Best PC games of 2013 – Shelter

Shelter Might and Delight

I’d make a naff mother badger. That’s what I learned in 2013.

Might and Delight gave me five cubs to look after in Shelter and all but one of them died. In my defense, cubs, left to their own devices, have zilch survival instinct. But in their defense their mother should probably recognise they’ll waddle a little slower than a full-grown badger when crossing a raging river. A mother badger should likewise probably watch out for them in a forest fire.

Like I said, I’d make a naff mother badger. But that doesn’t mean I didn’t enjoy every minute of my miserable motherhood.

You start Shelter by abandoning your sett. Your cubs have grown too large for you to bring back enough food for all five of them every day. So begins a journey through the seasons, with each passing level your cubs grow and the scenery changes.

Starting in spring, there’s plenty of fruit on the trees and vegetables in the ground. You can bring apples to earth by headbutting tree trunks or pull up onions with your teeth to feed your cubs. Later seasons have you hunting foxes and fishing for frogs.

But the later seasons also bring with them environmental threats. Autumn rains cause the mountain’s river to burst its banks. And, as the days draw on, the forest dries leading to fires.

Through all of this you must lead your cubs. It’s simple enough, they follow you wherever you go. There’s no hold command so they’re always nipping at your heels. When you run they try to keep pace, when you hide they lie down in the bushes next to you, and when you knock apples out of the tree they sit and eat with you.

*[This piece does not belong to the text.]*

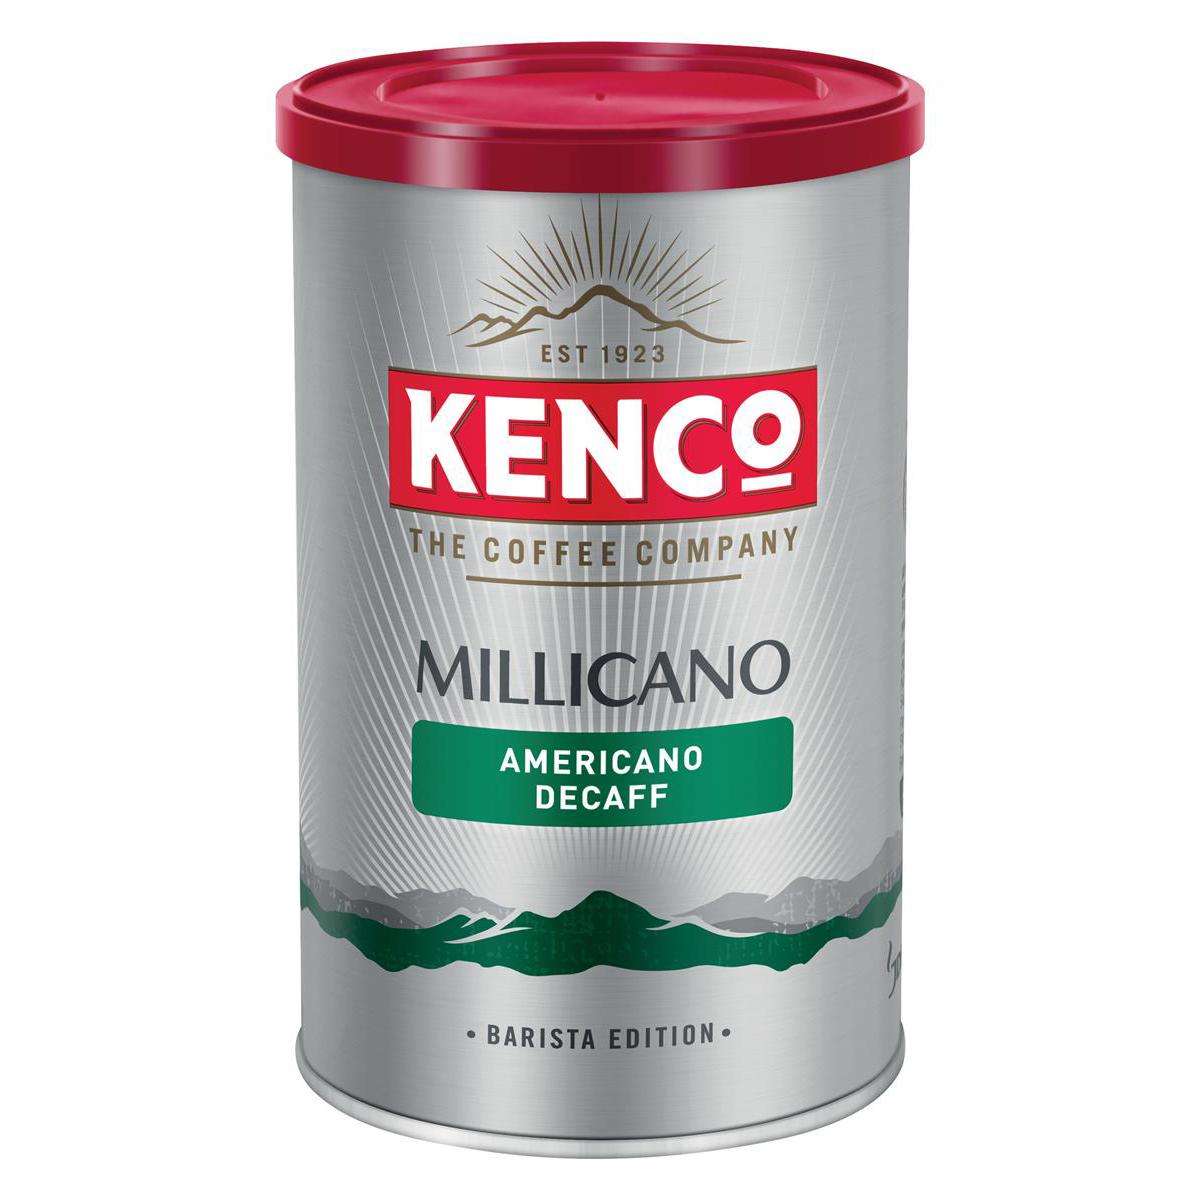 Kenco Millicano Coffee Wholebean Instant Caffeine Free [Decaff] 100g Ref 4032091

It’s wonderfully charming.

Shelter Might and Delight

Though, it’s more than charm that elevates Shelter into Game of the Year territory. After all, mechanically, Shelter is too simple. You walk down a linear path to the level’s end, occasionally knocking a tree or two to feed your cubs. It should, by that standard, be a boring game.

Yet its simple skeleton is wrapped in meaning. Meaning that makes the game affecting and absorbing.

When a cub dies it’s wholly your fault and you feel it.

I lost my first cub in the dark. It’s nighttime and you’re guiding your caravan of badgers through a gully. Your vision is limited to a tight ring about your body. Your young crowd around you within the ring. That is, until they hear a growl in the dark. The noise sends them running into the night. If you don’t find them fast enough, as I didn’t, one of them is taken by the something that’s in the darkness.

The baby badger’s death isn’t highlighted by the game. Five badgers ran into the dark, four came back. There wasn’t even much of a noise to suggest what had happened.

But, after I lost that cub, I never left the others to run into the night.

Shelter Might and Delight

I lost my next two cubs to the river.

If they’re caught in the floodwaters as you cross the river then they’re washed away. Again, there’s no noise or HUD marker to say you’ve lost a cub, just the diminished group of yipping badgers following you.

I hated crossing the river and every time I did I span the camera back to watch what was happening with my cubs. But there’s nothing you can do to make them move faster. All you can do is watch as the wave crashes over the group and one cub is washed away.

The last of my cubs to die hurt the most. After we crossed the last stretch of water it collapsed on the bank, curled up, and died of exhaustion. A pathetic death.

I rarely ran when I was left with only one cub. I didn’t want to lose it from my sight. I walked close to it till the game’s necessary conclusion.

Shelter Might and Delight

Last year I chose The Walking Dead as my Game of the Year. Over the course of five episodes it forged a paternal relationship between me and Clem, your ward in the game. That bond was made with hundreds of lines of dialogue, human characters, and choices that altered the course of the game.

It would be a lie to say I felt as strongly towards the cubs in Shelter as I did, and still do, feel towards Clem but that Might and Delight were able to approach that bond in such a short time with so limited an interaction says something of why their survival game is special.